[Material provided]
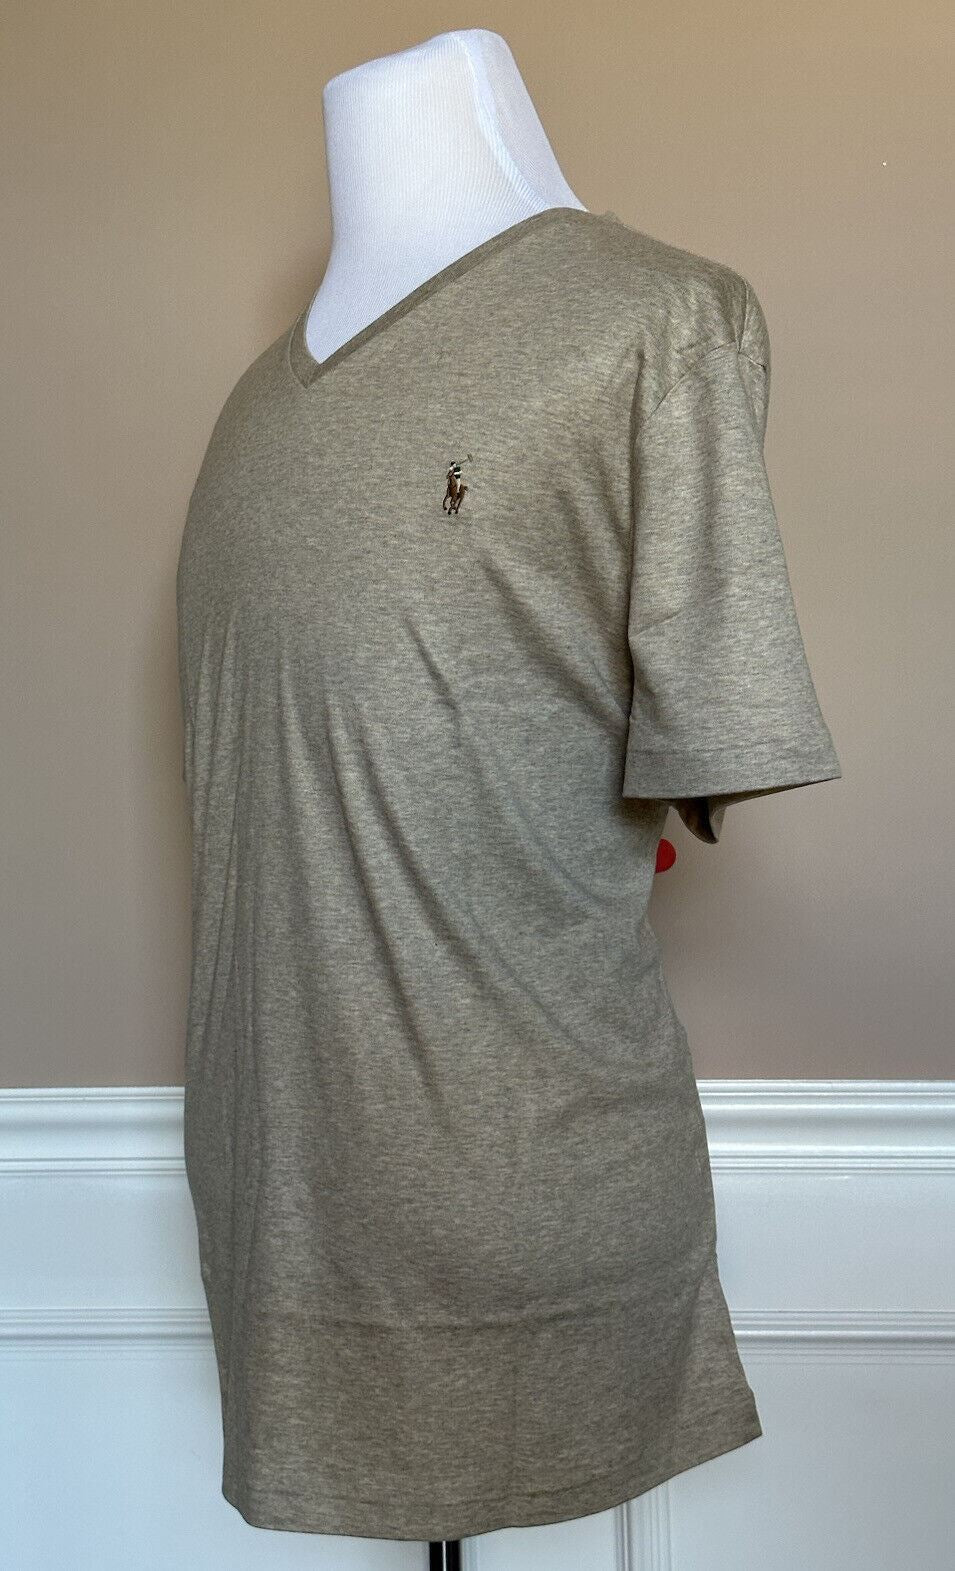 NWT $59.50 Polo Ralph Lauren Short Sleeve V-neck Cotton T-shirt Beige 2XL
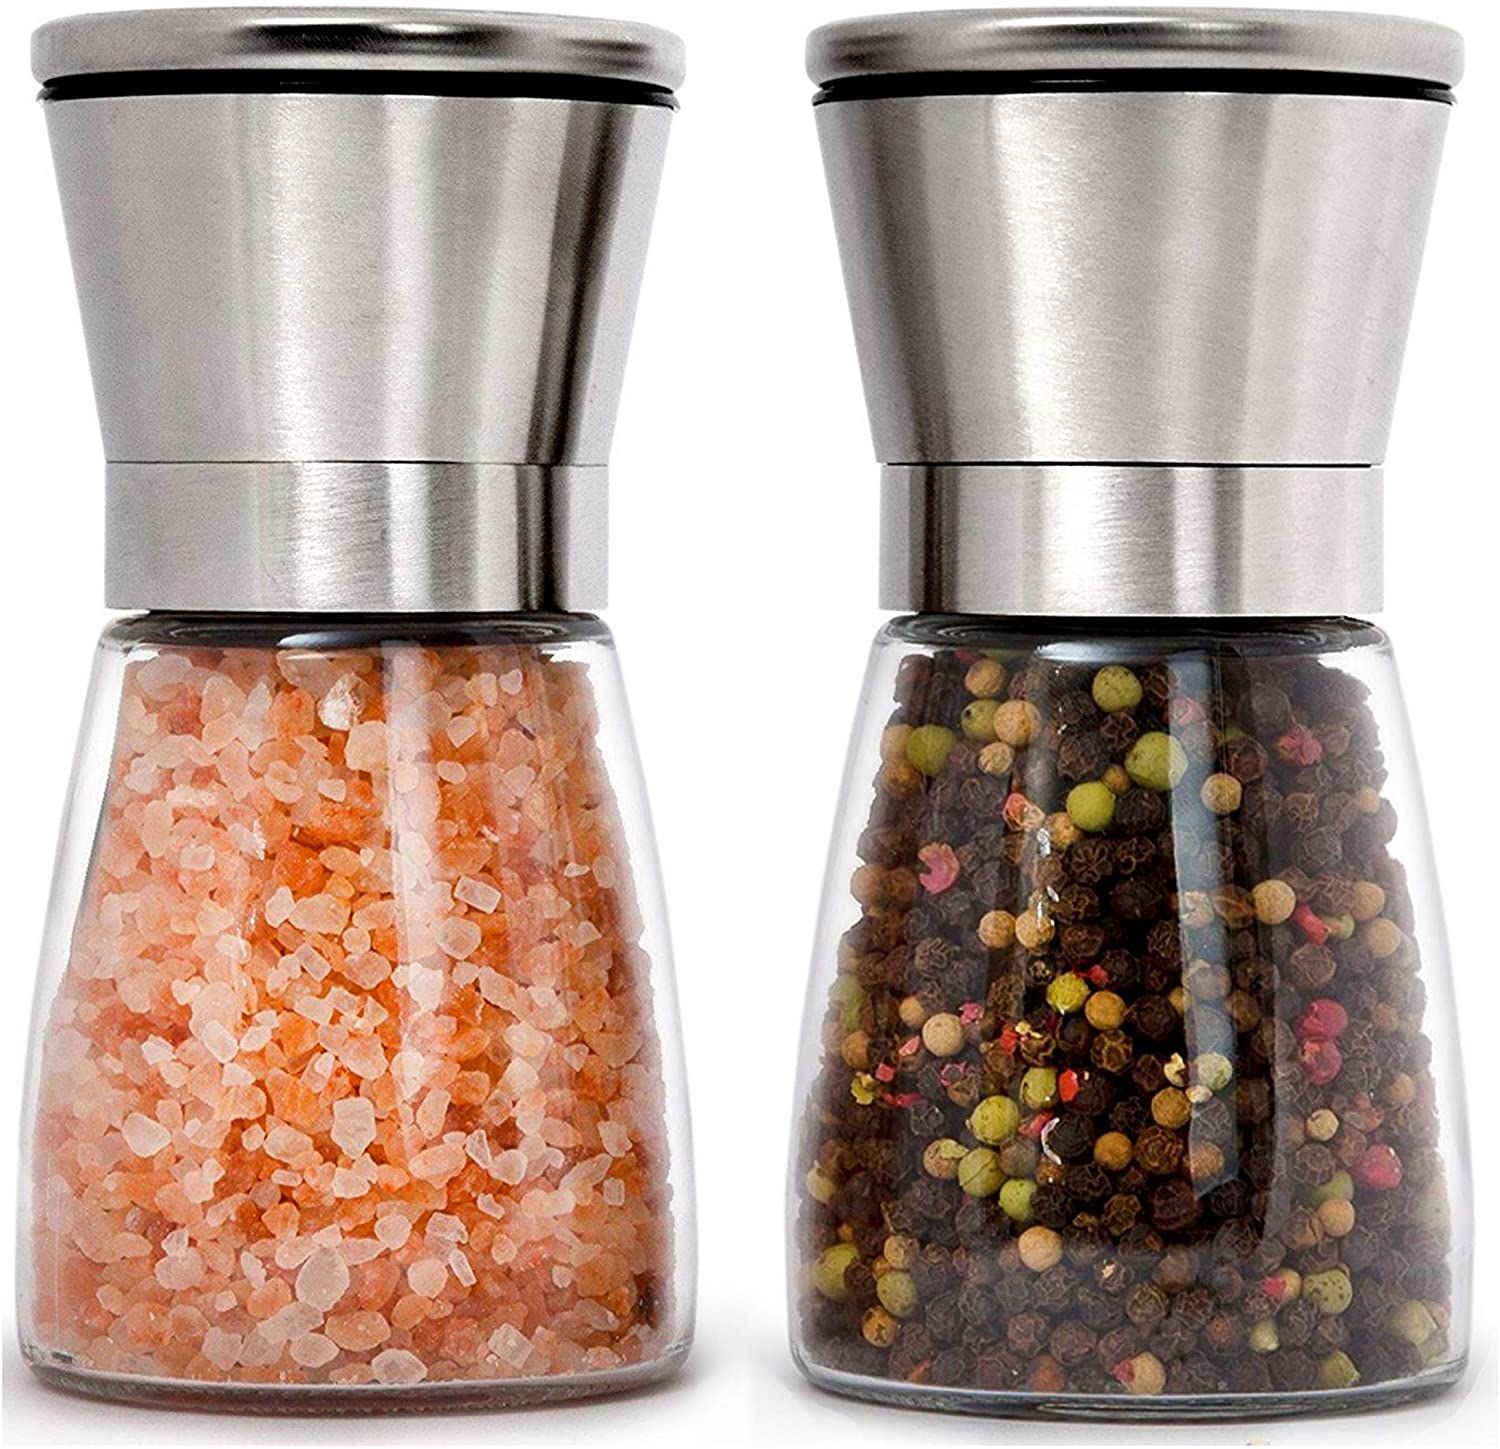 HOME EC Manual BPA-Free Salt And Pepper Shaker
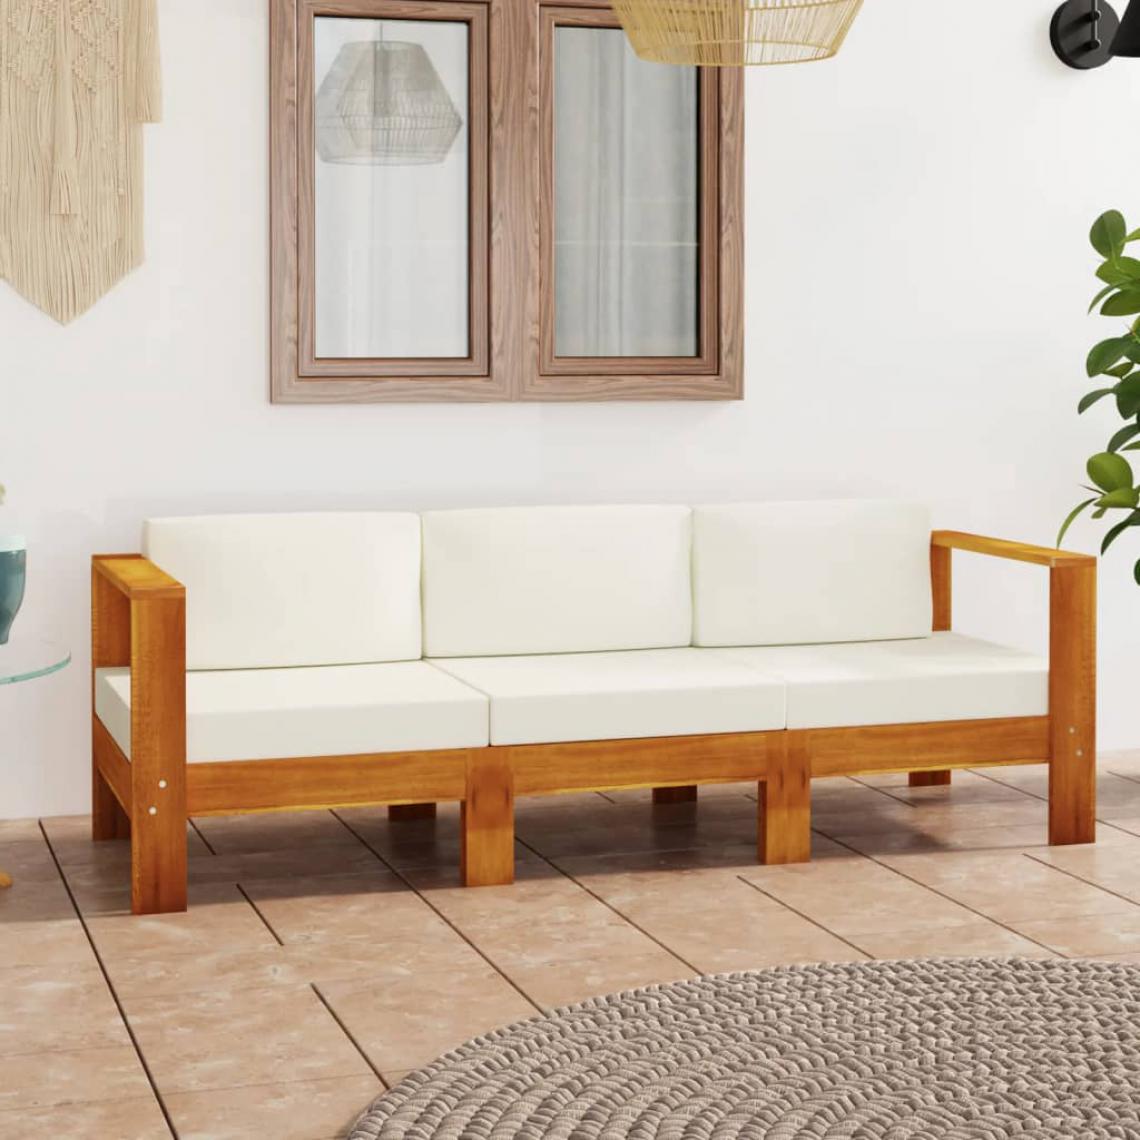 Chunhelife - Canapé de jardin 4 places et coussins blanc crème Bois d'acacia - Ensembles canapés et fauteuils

[Required action] Copy exactly the lines from the line holding "HOME EC Manual" to the final line of the listing, and leave the pictures out.

[Task answer]
 HOME EC Manual BPA-Free Salt And Pepper Shaker
 Chunhelife - Canapé de jardin 4 places et coussins blanc crème Bois d'acacia - Ensembles canapés et fauteuils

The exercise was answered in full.